Plotting an epicycloid
I recreated the animation on Wikipedia:
Here is the Manipulate version:
R = 3; r = 1;
fx[θ_, a_: 1] := (R + r) Cos[θ] - a r Cos[(R + r) θ/r];
fy[θ_, a_: 1] := (R + r) Sin[θ] - a r Sin[(R + r) θ/r];
gridlines = Table[{x, GrayLevel[0.9]}, {x, -6, 6, 0.5}];
plot[max_] := ParametricPlot[
{fx[θ], fy[θ]}, {θ, 0, max},
PlotStyle -> {Red, Thick},
Epilog -> {
Thick,
Blue, Circle[{0, 0}, R],
Black, Circle[{fx[max, 0], fy[max, 0]}, r],
Red, PointSize[Large], Point[{fx[max], fy[max]}],
Black, Line[{{fx[max, 0], fy[max, 0]}, {fx[max], fy[max]}}]
},
GridLines -> {gridlines, gridlines},
PlotRange -> {-6, 6}
]
Manipulate[plot[max], {max, 0.01, 2 Pi}]
It is easiest to use ParametricPlot and RotationTransform.
ParametricPlot[
RotationTransform[a][{1, 0}] + RotationTransform[4 a][{1/4, 0}],
{a, 0, 2 Pi}, Evaluated -> True]
Evaluated -> True is not strictly necessary; it's there just to construct the equation once instead of for every point in the graph separately (... which is slow).
EDIT: Improved per comment from Mr.Wizard.
Epicycloids (and other roulette curves) are fun to play with using Manipulate.

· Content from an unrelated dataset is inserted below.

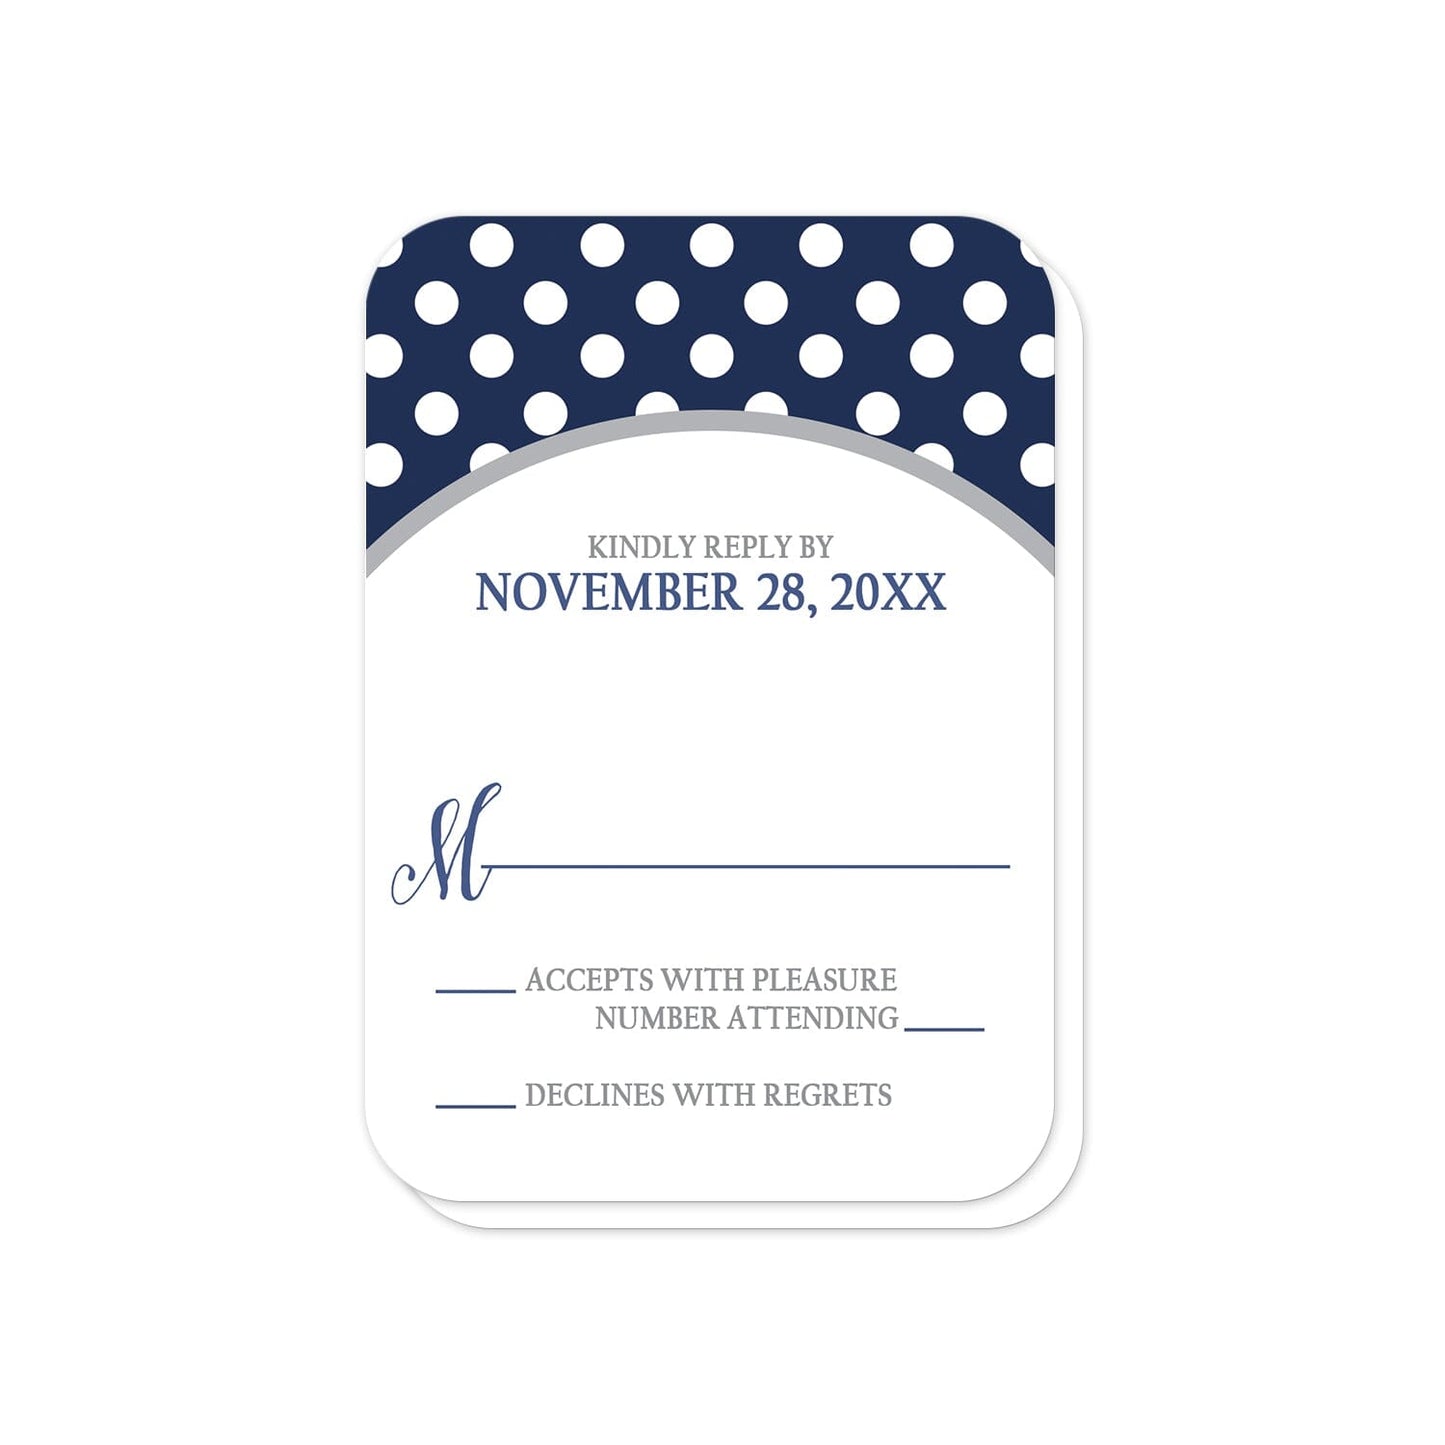 Gray Navy Blue Polka Dot RSVP Cards (with rounded corners) at Artistically Invited.

Here is one of many possible implementations.
Manipulate[
ParametricPlot[{
(1 + r) Cos[theta] + a Cos[(1 + r) theta],
(1 + r) Sin[theta] + a Sin[(1 + r) theta]},
{theta, 0, 2 Pi}],
{{r, 1}, 1, 20, 1, Appearance -> "Labeled"},
{{a, 1}, -10, 10, .2, Appearance -> "Labeled"}]
Edit
Although the question only calls for epicycloids, it is very easy to make interactive panel that allows the user to play with hypocycloids as well. Because there is a simple relationship between epicycloids and hypocycloids, doing so adds very little code.
Manipulate[
ParametricPlot[{
type r Cos[theta] + a Cos[type r theta],
type r Sin[theta] + a Sin[type r theta]},
{theta, 0, 2 Pi},
PlotStyle -> {Red, Thick},
ImageSize -> {400, 400}],
{{type, 1}, {1 -> "epicycloid", -1 -> "hypocycloid"}},
{{r, 1}, 1, 20, 1, Appearance -> "Labeled"},
{{a, 1}, -10, 10, .1, Appearance -> "Labeled"}]